**THE DATA**
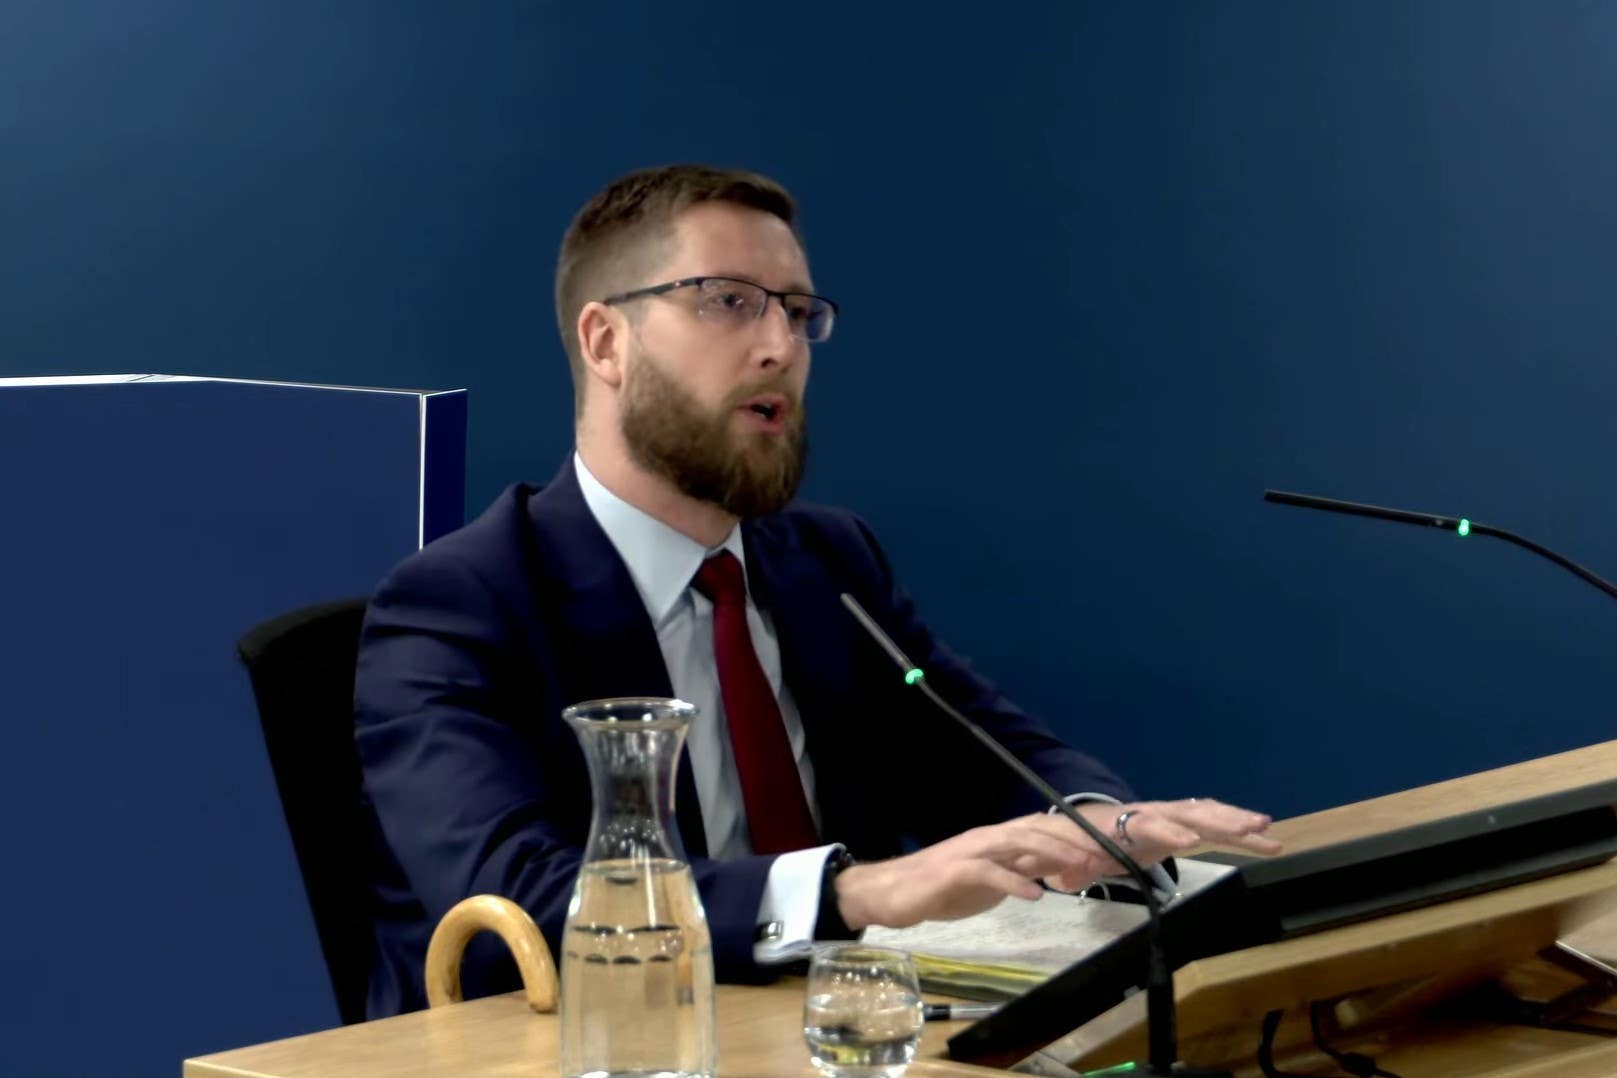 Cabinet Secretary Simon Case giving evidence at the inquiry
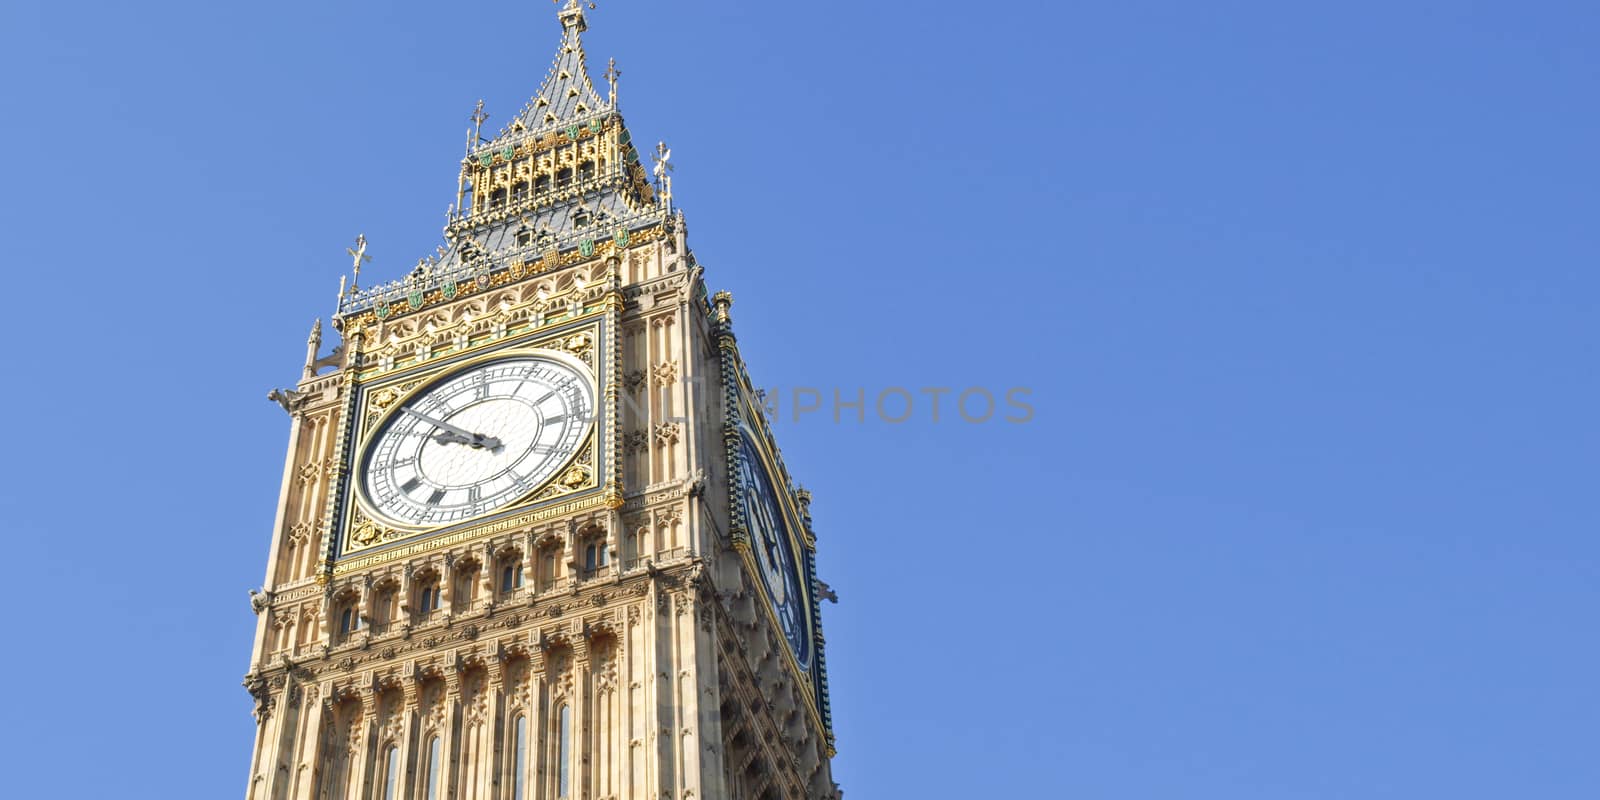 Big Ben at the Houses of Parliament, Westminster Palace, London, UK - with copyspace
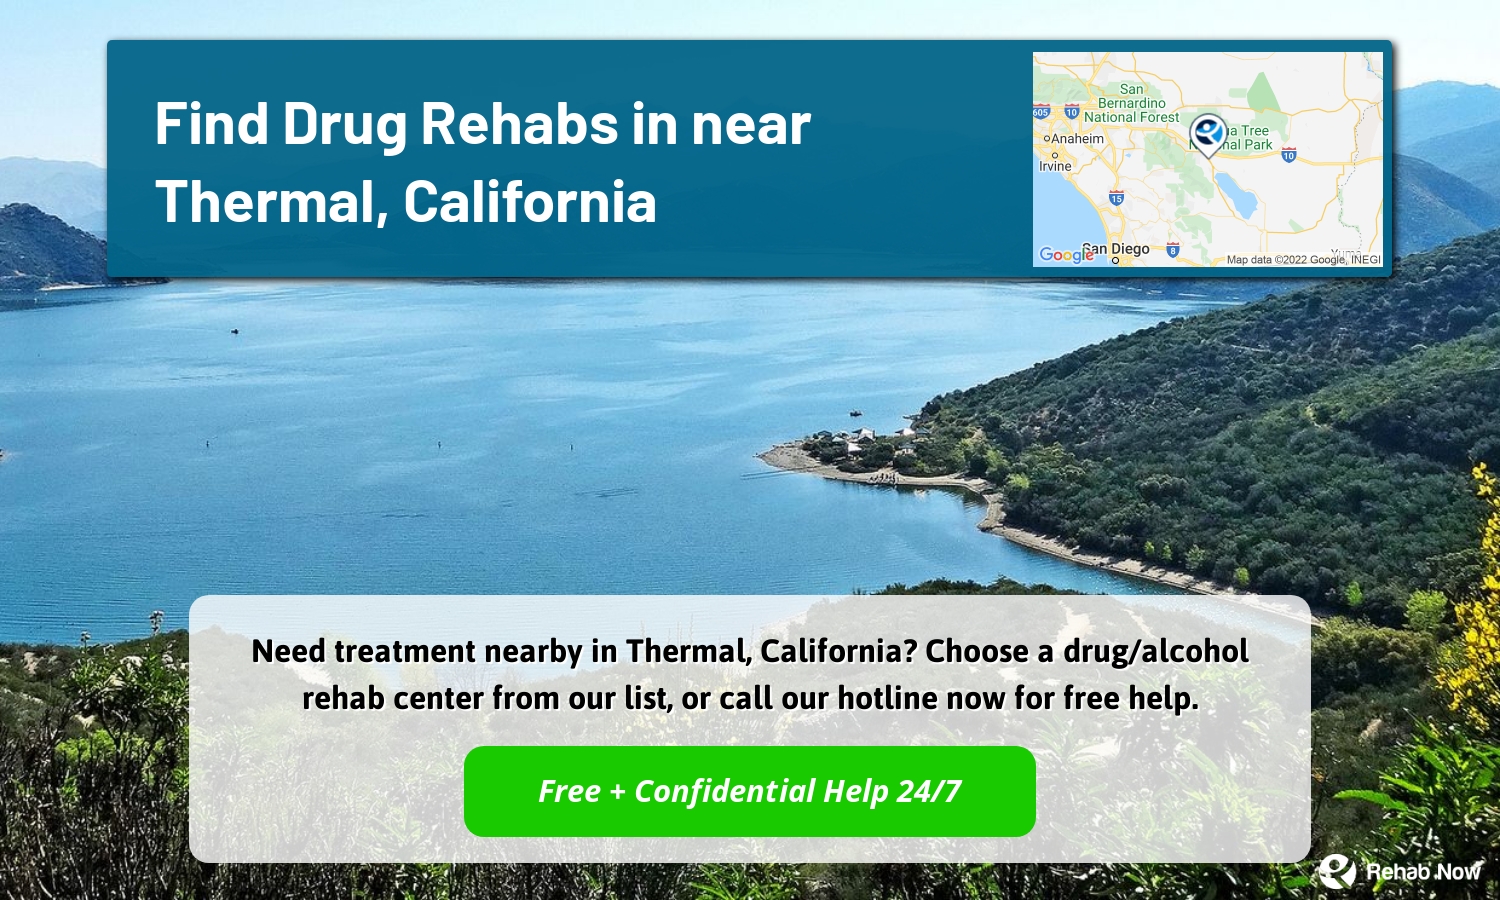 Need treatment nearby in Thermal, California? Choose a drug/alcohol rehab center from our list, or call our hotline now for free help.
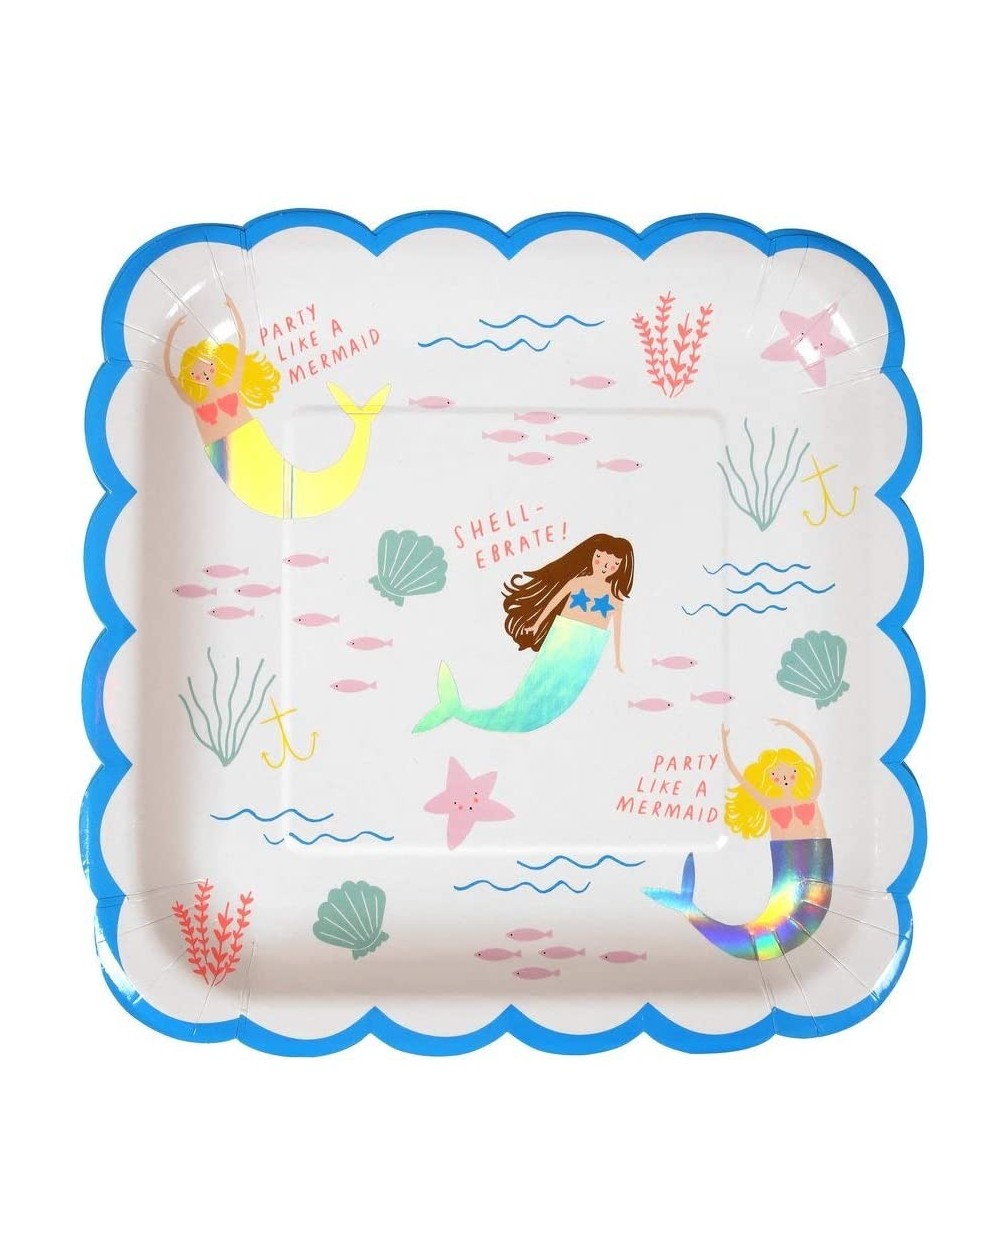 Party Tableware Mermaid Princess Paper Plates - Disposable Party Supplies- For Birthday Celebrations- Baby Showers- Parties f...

**TASK TO COMPLETE**
Print every line of the material above exactly as it reads, skipping the pictures.

**THE ANSWER**
 Cabinet Secretary Simon Case giving evidence at the inquiry
 Big Ben at the Houses of Parliament, Westminster Palace, London, UK - with copyspace
 Need treatment nearby in Thermal, California? Choose a drug/alcohol rehab center from our list, or call our hotline now for free help.
 Party Tableware Mermaid Princess Paper Plates - Disposable Party Supplies- For Birthday Celebrations- Baby Showers- Parties f...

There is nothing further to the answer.